Exercise:
Copy the complete listing word for word, but do not carry over any images.

Supplied information:

------------------------------------------------------------

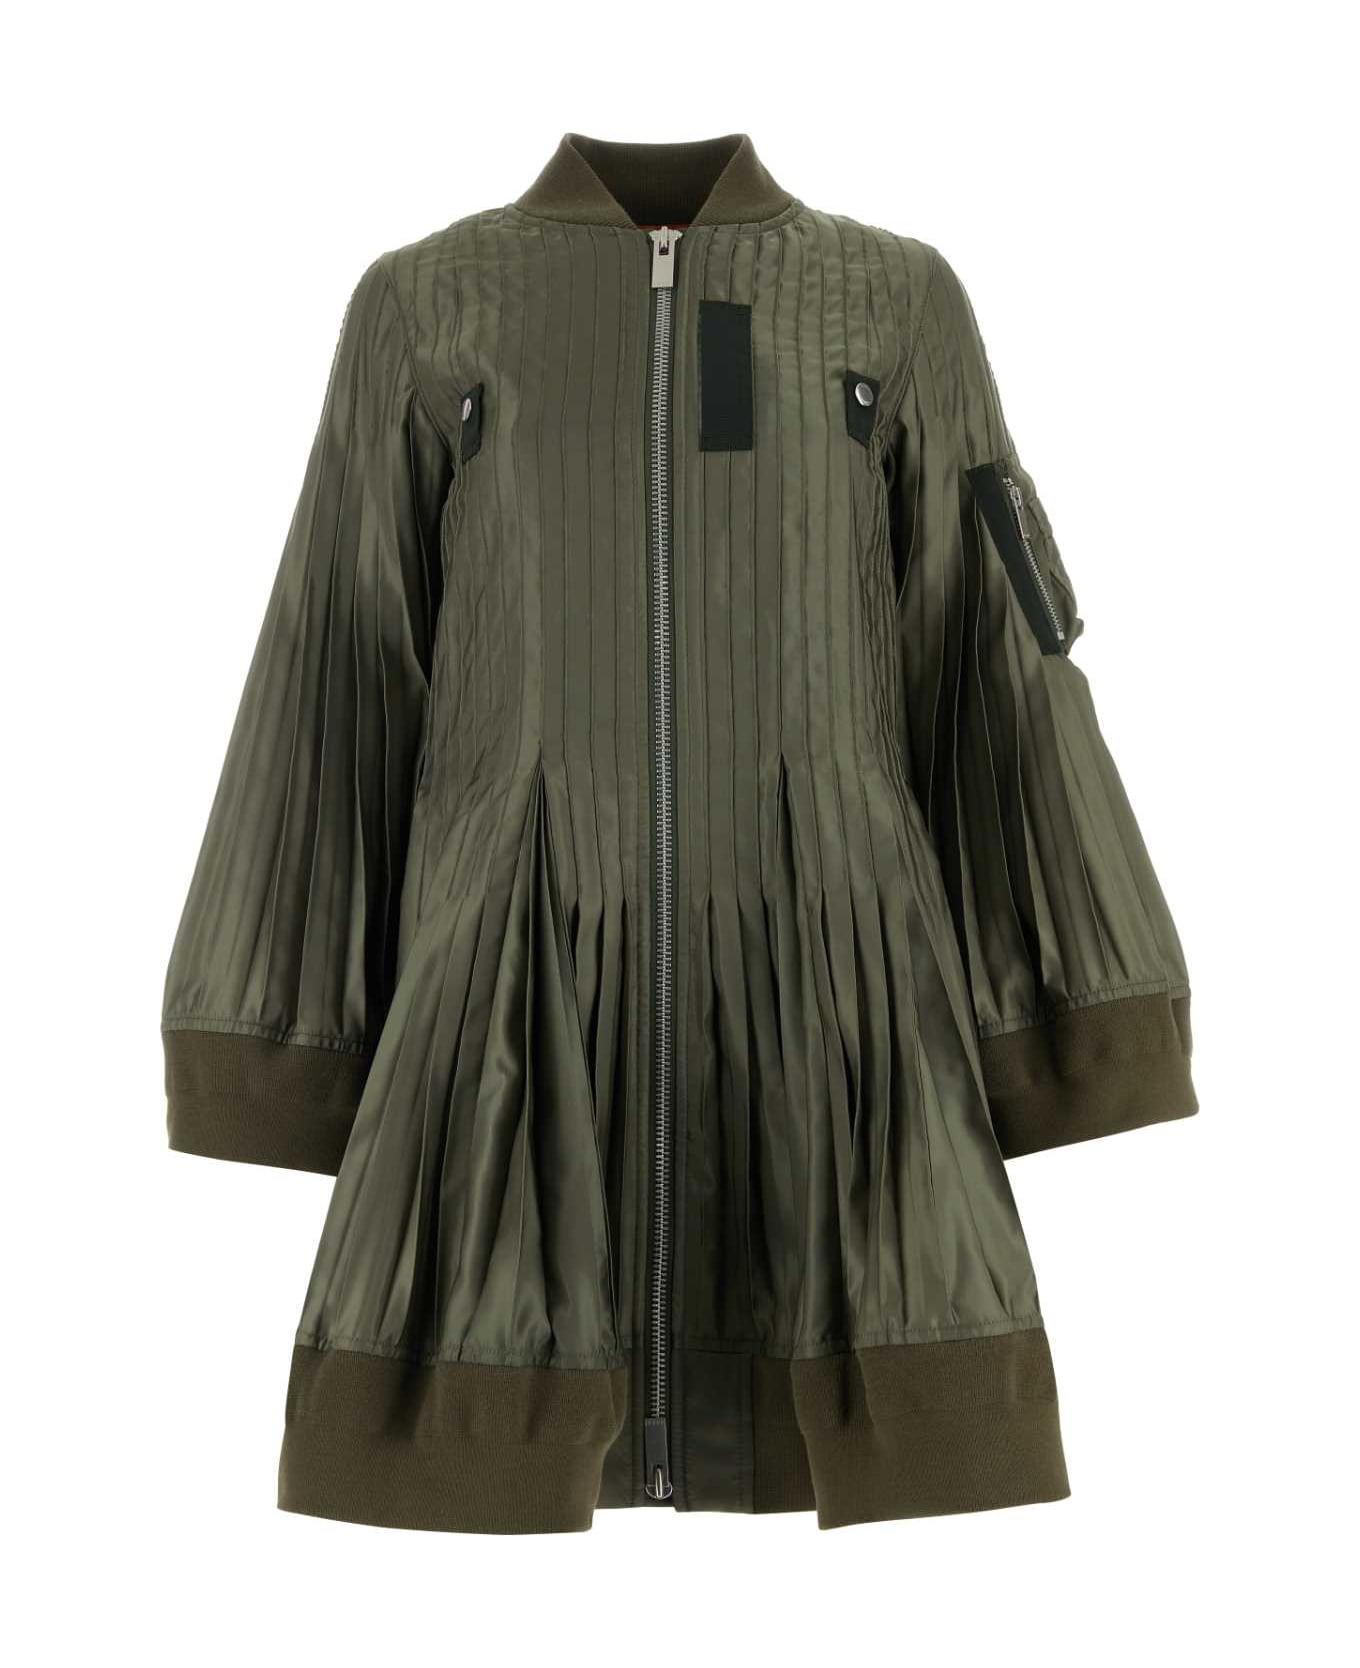 Sacai Army Green Polyester Jacket Dress - KHAKI
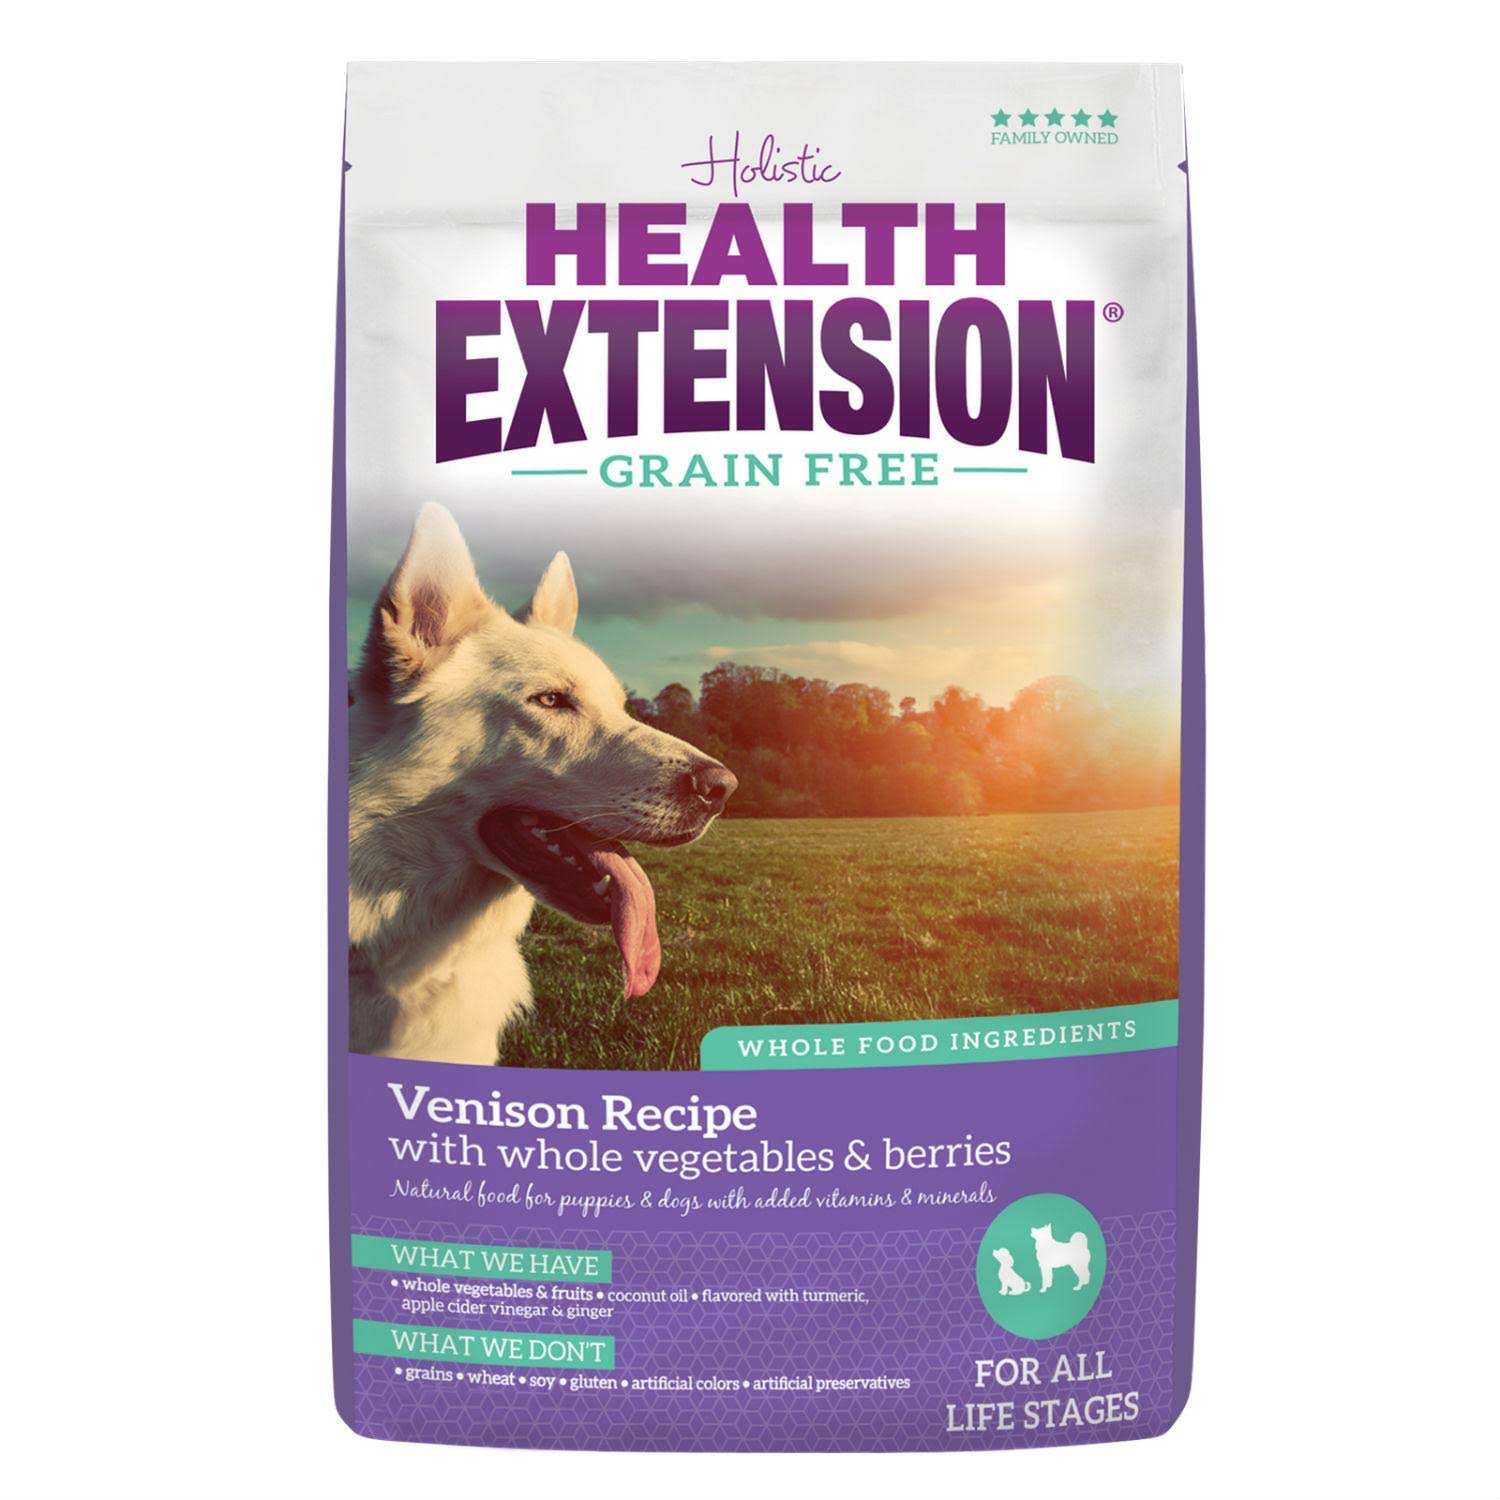 Health Extension Grain Free Venison Recipe Dog Food
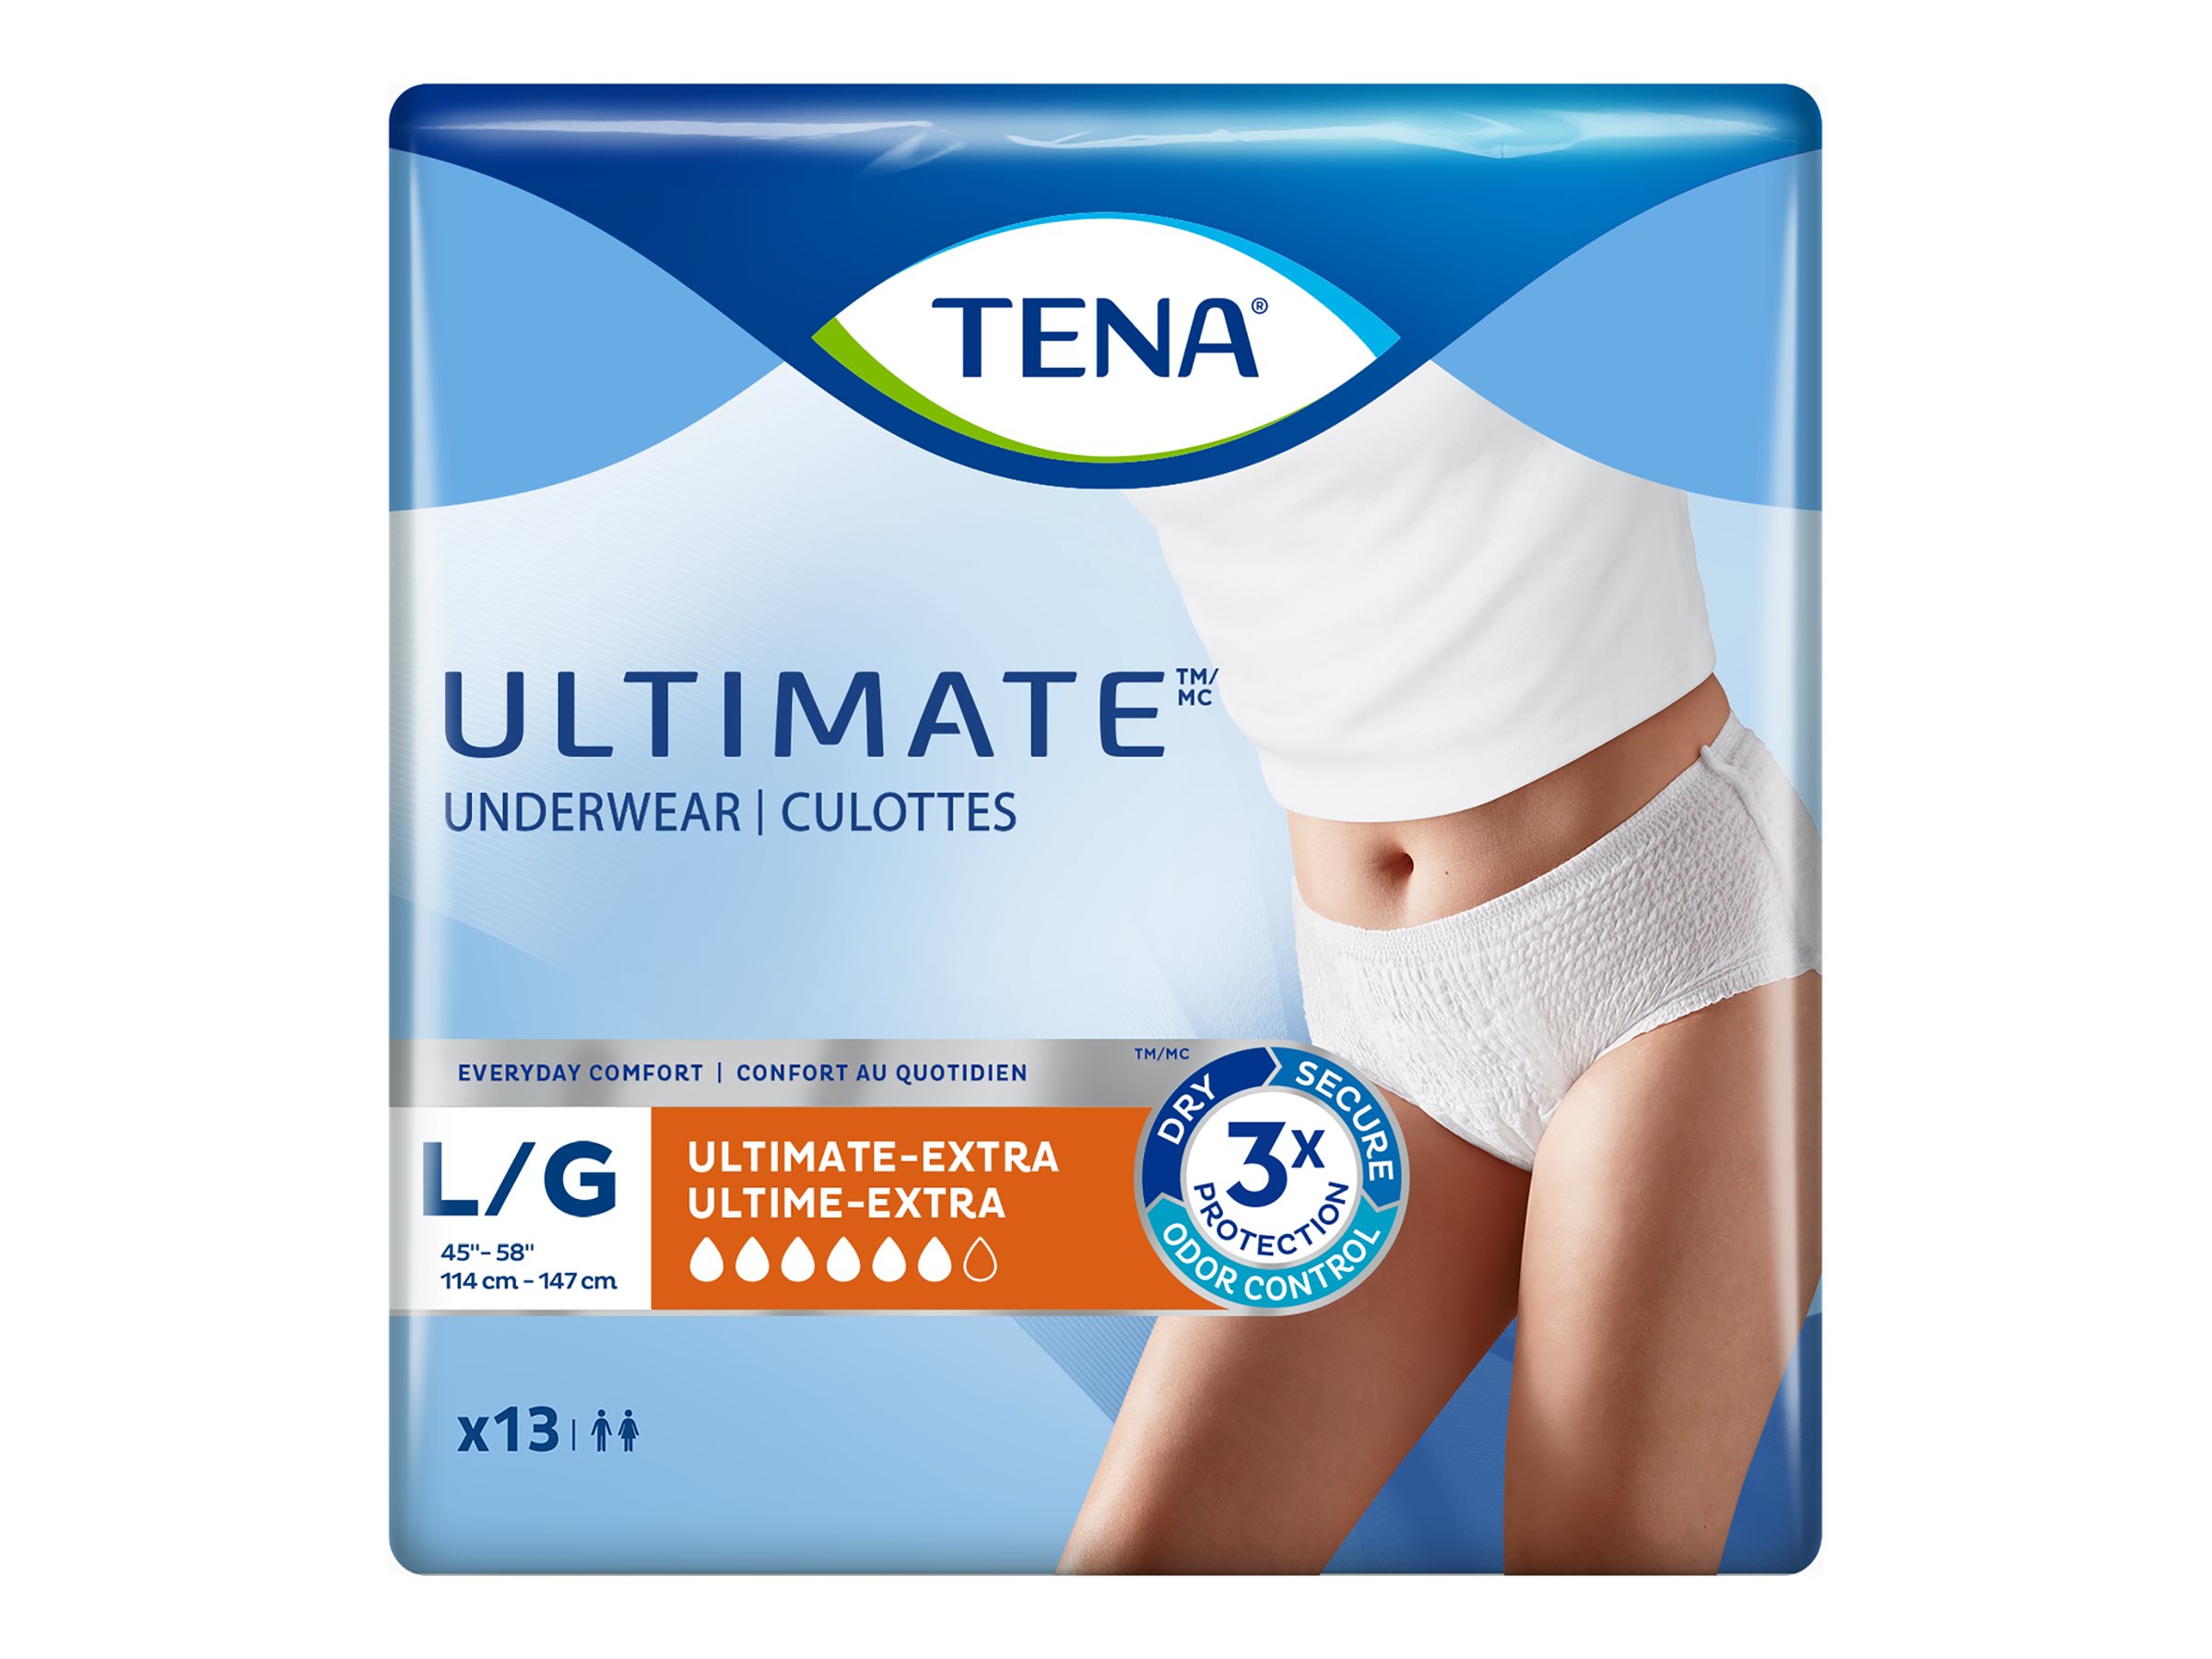 TENA Women's Incontinence Underwear at

------------------------------------------------------------

Response to this exercise:
 Sacai Army Green Polyester Jacket Dress - KHAKI
 Health Extension Grain Free Venison Recipe Dog Food
 TENA Women's Incontinence Underwear at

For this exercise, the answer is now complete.